The microbial composition in Nuruk, a Korean cereal fermentation starter, is a critical factor for the quality and organoleptic properties of traditional alcoholic beverages. This study was aimed at monitoring the compositional change and enzyme activity of culturable lactic acid bacteria (LAB) in two types of Nuruk fermented at different temperatures.
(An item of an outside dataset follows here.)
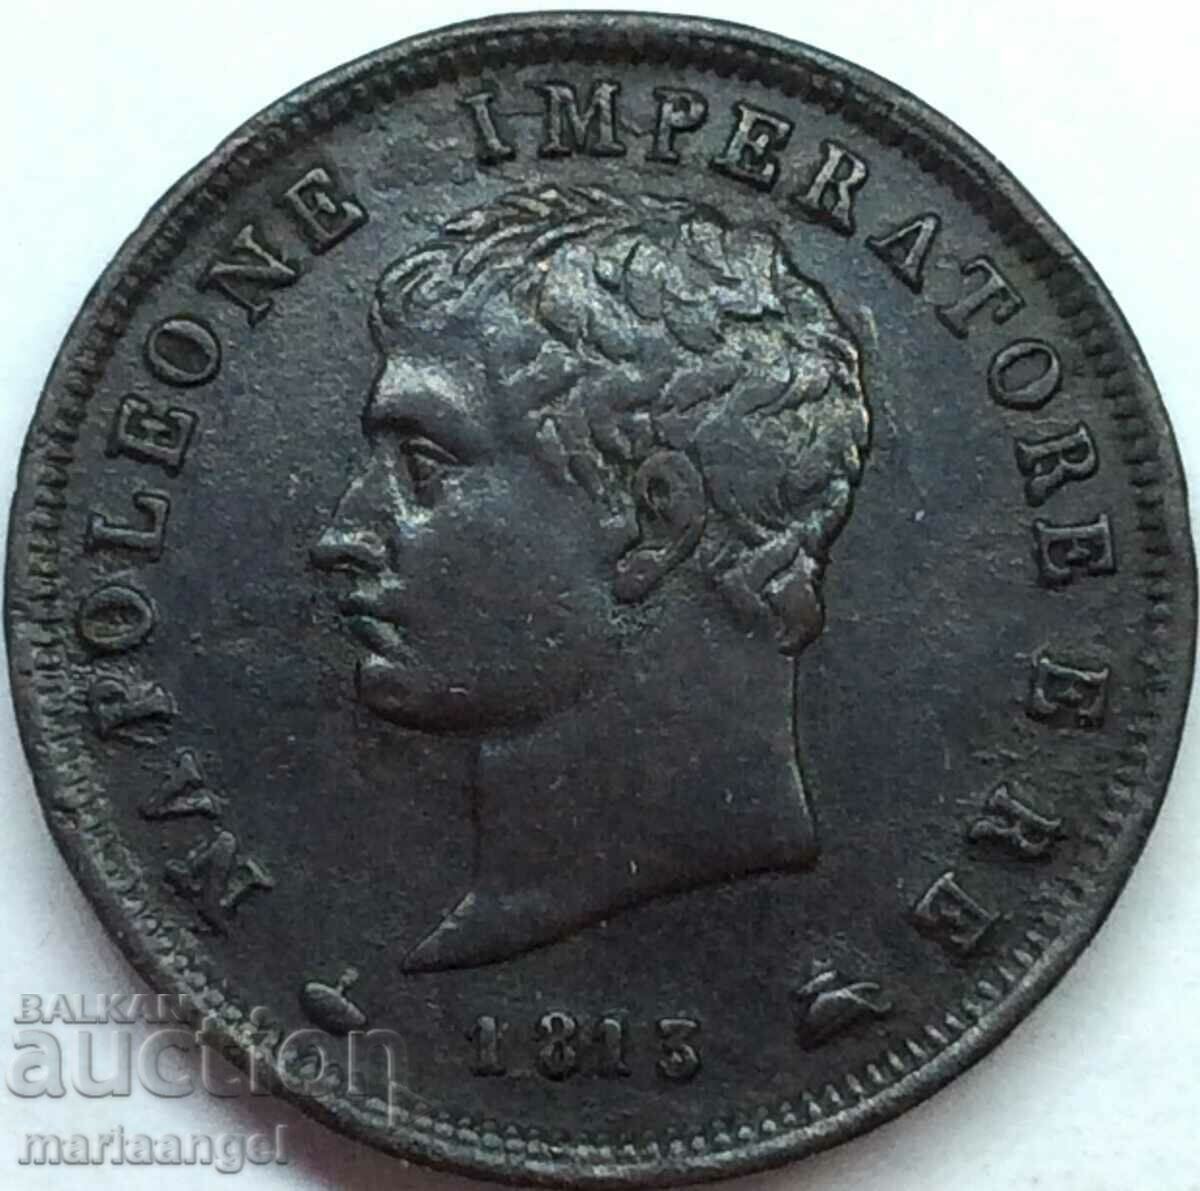 Napoleon 1 soldo 1813 Italia 10 g M - bronz Milano

All culturable LAB were isolated at various time points (0, 3, 6, 10, 20, and 30 days) and identified by 16S rRNA sequencing. In traditional Nuruk type A (TN-A), which was fermented at $36^{\circ}C$, the population of total culturable LAB during the fermentation period was between $10^4$ and $10^5$ log CFU/mL. On the other hand, the LAB population in traditional Nuruk type B (TN-B) fermented at $45^{\circ}C$ (primary fermentation for 10 days) and $35^{\circ}C$ (secondary fermentation for 20 days) was $10^2$ log CFU/mL; however, these bacteria could not be detected after 6 days. Major LAB strains were identified in both Nuruk types: (1) from the MRS-culture of TN-A, Pediococcus pentosaceus at 3-30 days; (2) from MRS-culture of TN-B, P. pentosaceus at 3 days and Enterococcus hirae at 6 days. The protease activities of the dominant LAB isolated from the TN-A and TN-B cultures were within the ranges of 0.64~1.03 mg/mL and 0.74~0.81 mg/mL (tyrosine content), respectively, whereas the ${\alpha}$-amylase activities were 0.75~0.98 mg/mL and 0.78~0.79 mg/mL (amylose content), respectively.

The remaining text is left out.